For the first quarter of 2017, we expect the following
As we look forward, we remain optimistic about our long-term growth prospects. We occupy a strategic position in a dynamic and growing global marketplace.
And with the appointment of Michael Barrett as CEO, have further strengthened our already strong management and technical team. We will continue to prudently manage our financial resources and to protect our balance sheet while making the right investments to position us well for longer-term success.
Frank Addante
Thank you, David. I spoke earlier about why I feel -- why we feel positive about our product innovation and our execution in capturing market share of supply, both key drivers for our future success.
While it's clear we still have some work to do to get this optimism reflected in the financials, we believe that by building on the strong positions we have in mobile, video and orders, and continuing the accelerated progress we're making in FastLane, we will emerge as the leading independent global exchange.
Frank Addante
Before opening up for questions, I wanted to reiterate my excitement that Michael is joining our team. He's a proven leader and has the operational experience and strong customer brand.
We're lucky to have him onboard. With that, we'll now open up the call for questions.
Operator
[Operator Instructions] And our first questioner today is going to be Kerry Rice with Needham.
Kerry Rice
Maybe, first, a question on the header bidding or FastLane. What is the best way to best understand the penetration of FastLane?
Is that the number of publishers, which, I think, you mentioned around 300 deployments out of, I think, roughly 500? Or is it maybe the percentage of impressions that you can sell?
If you can give any more details around that, that would be great. And then, the second question is really around mobile.
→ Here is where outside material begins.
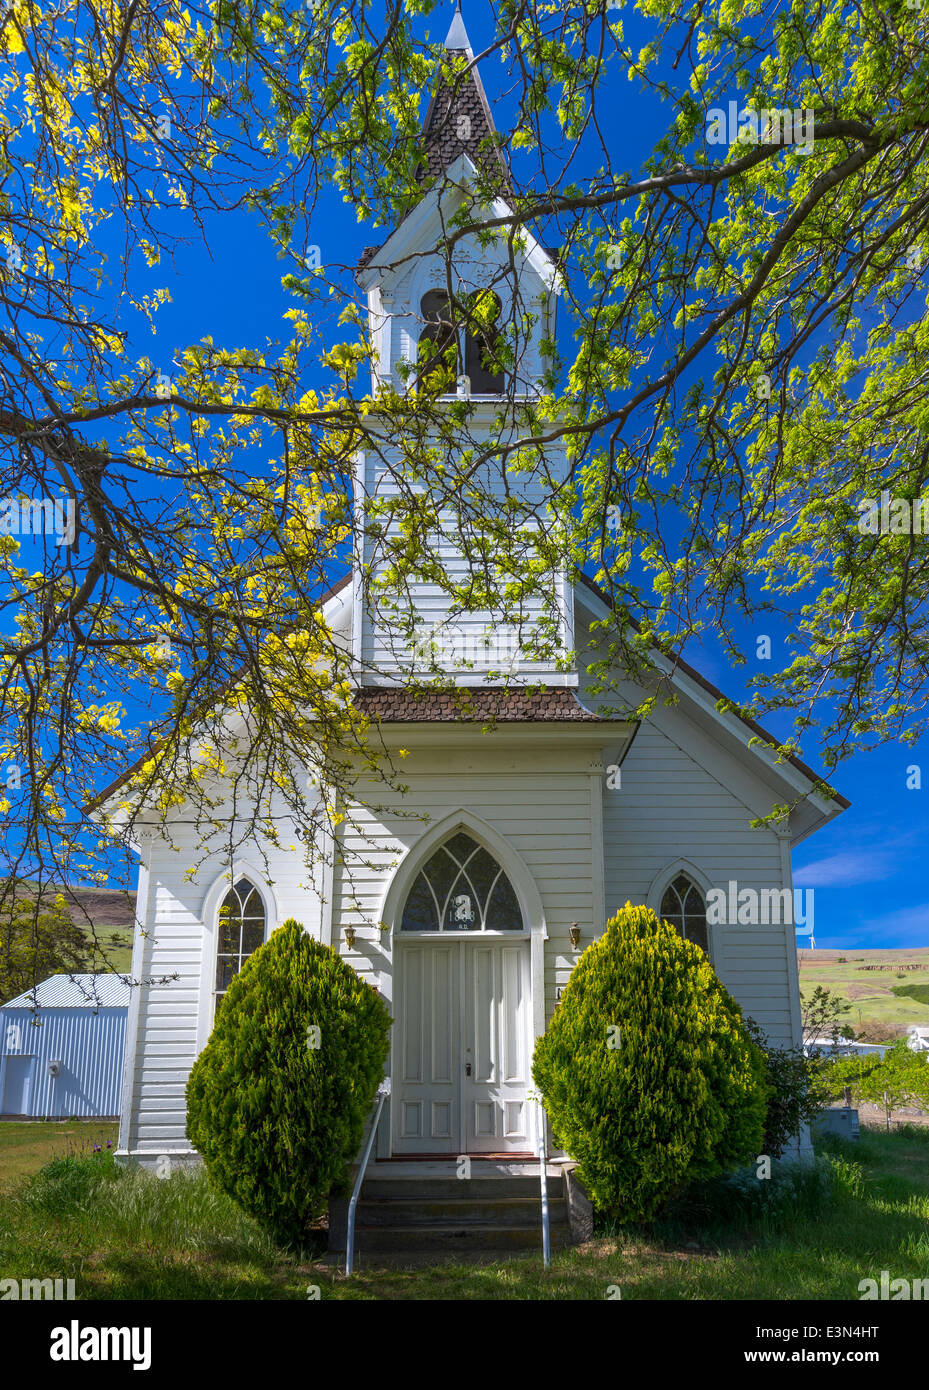 Maryhill, Washington: Maryhill Community Church, 1888, with spring trees Stock Photo

You mentioned that mobile came down, that was primarily the mobile Web, which I assume, again, is in relation to kind of header bidding. When do you think about mobile app revenue being the primary or the majority of mobile revenue?
Frank Addante
Kerry, it's Frank here. So the best way to understand the penetration of header bidding, so first, just to kind of set the context of this, header bidding is not an entirely new platform for us.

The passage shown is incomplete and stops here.